**Stored data:**
>>>>

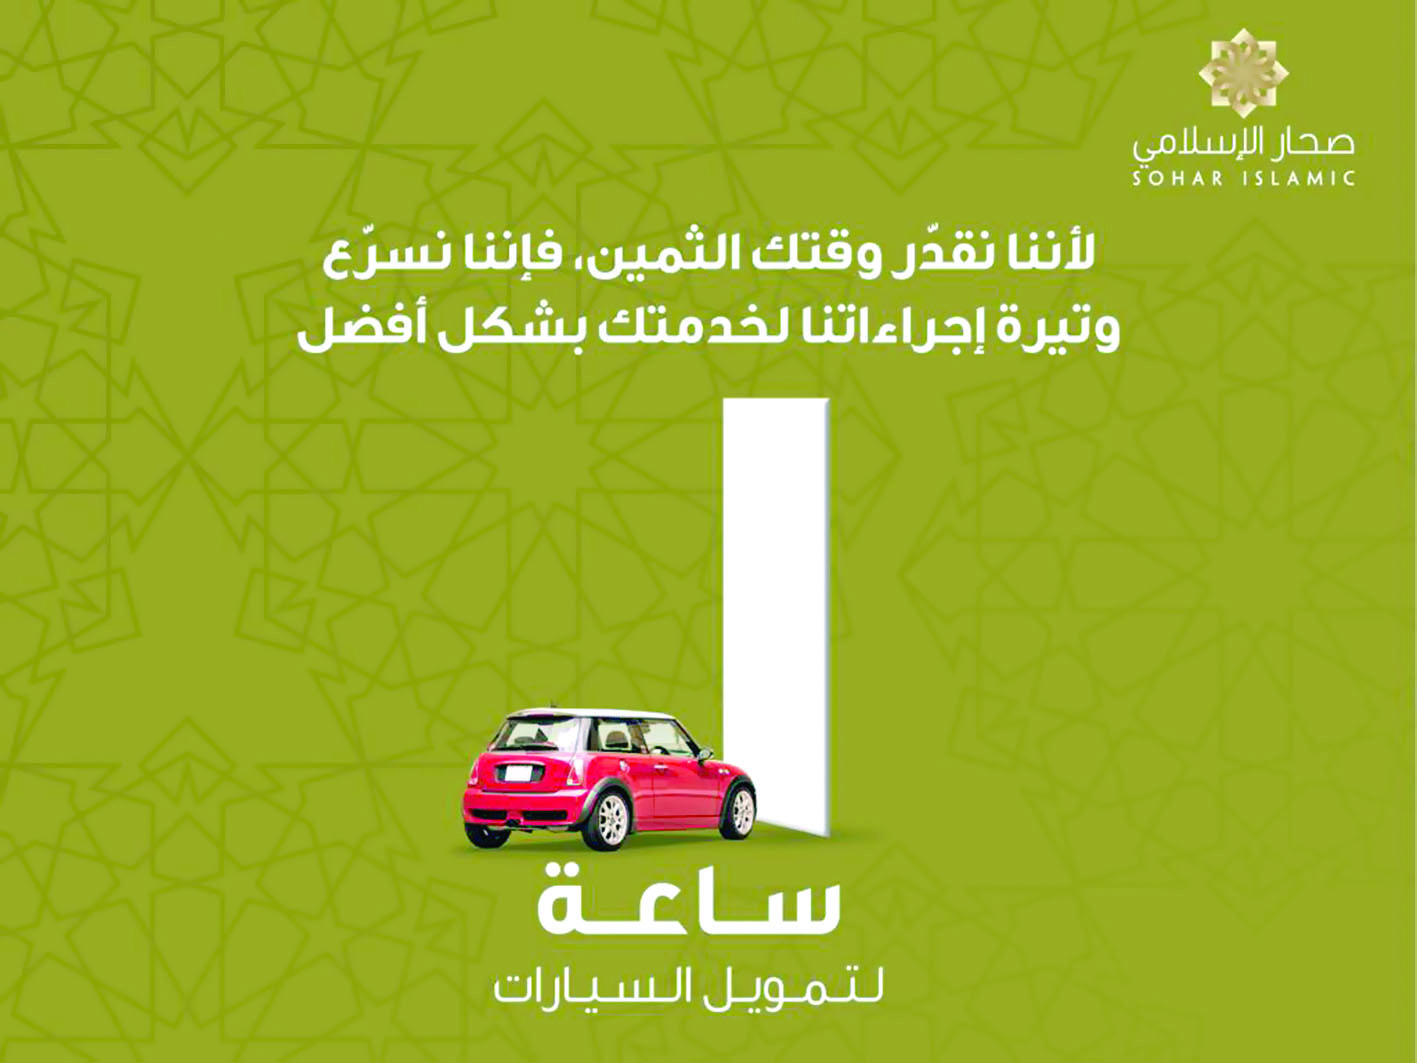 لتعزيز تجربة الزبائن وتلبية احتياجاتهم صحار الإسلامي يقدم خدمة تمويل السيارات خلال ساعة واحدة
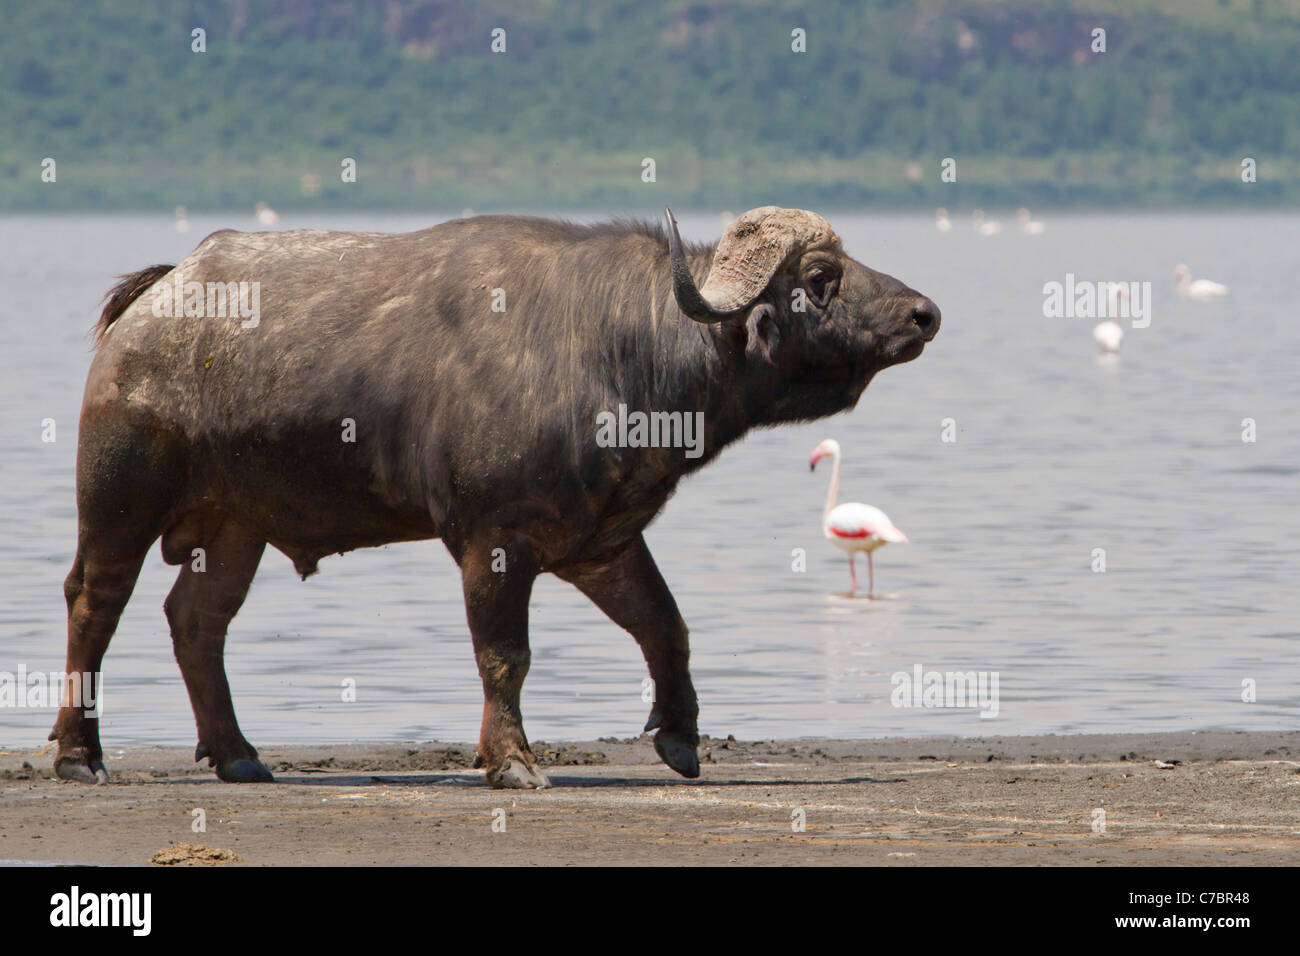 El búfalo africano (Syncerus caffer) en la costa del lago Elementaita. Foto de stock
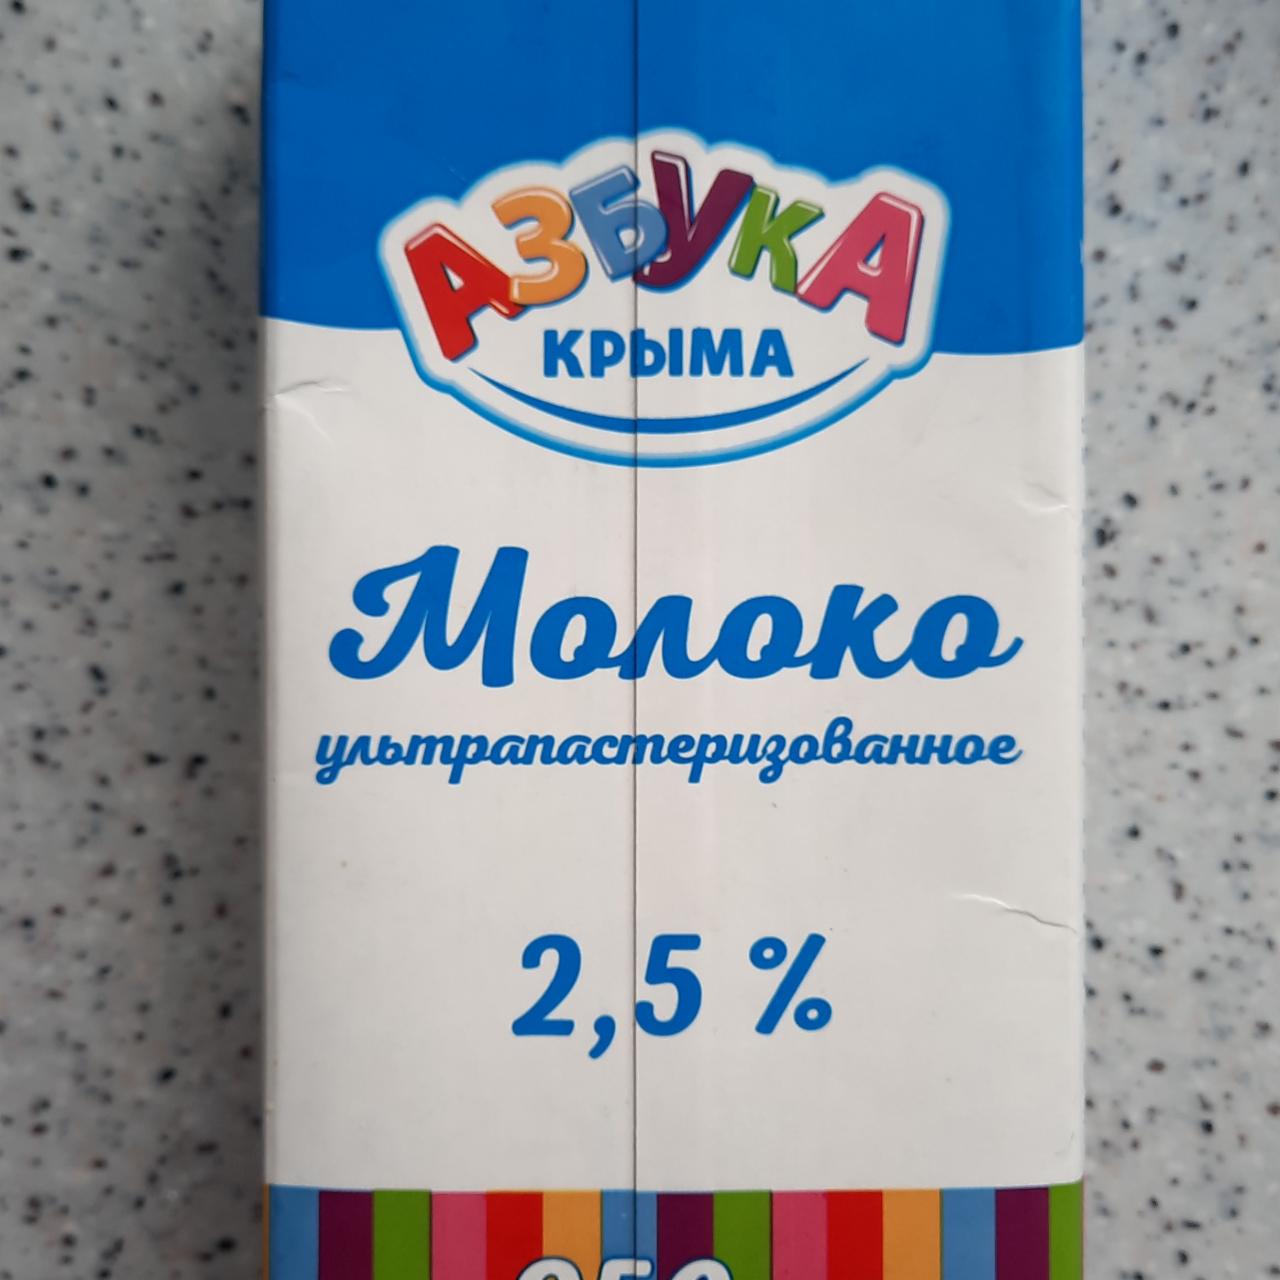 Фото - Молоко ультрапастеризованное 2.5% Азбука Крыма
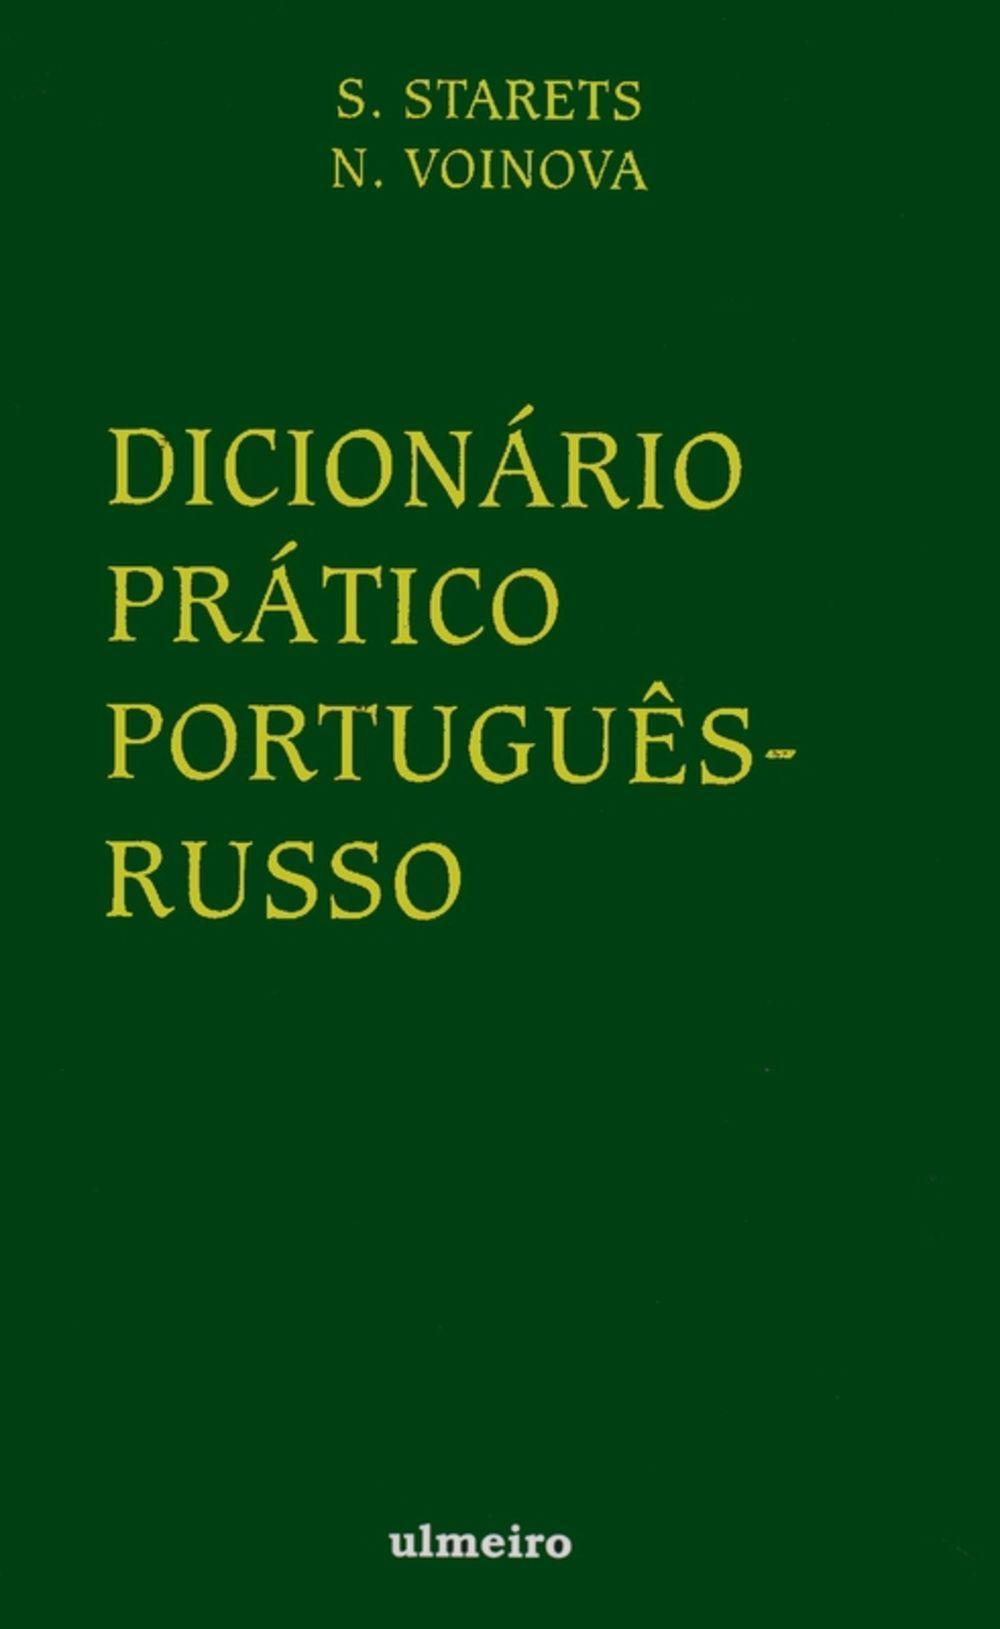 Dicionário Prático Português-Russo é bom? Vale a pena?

<<<<

**Aim of the exercise:** Set down the material once more, exactly, with the pictures omitted.

**Exercise output:**
 لتعزيز تجربة الزبائن وتلبية احتياجاتهم صحار الإسلامي يقدم خدمة تمويل السيارات خلال ساعة واحدة
 El búfalo africano (Syncerus caffer) en la costa del lago Elementaita. Foto de stock
 Фото - Молоко ультрапастеризованное 2.5% Азбука Крыма
 Dicionário Prático Português-Russo é bom? Vale a pena?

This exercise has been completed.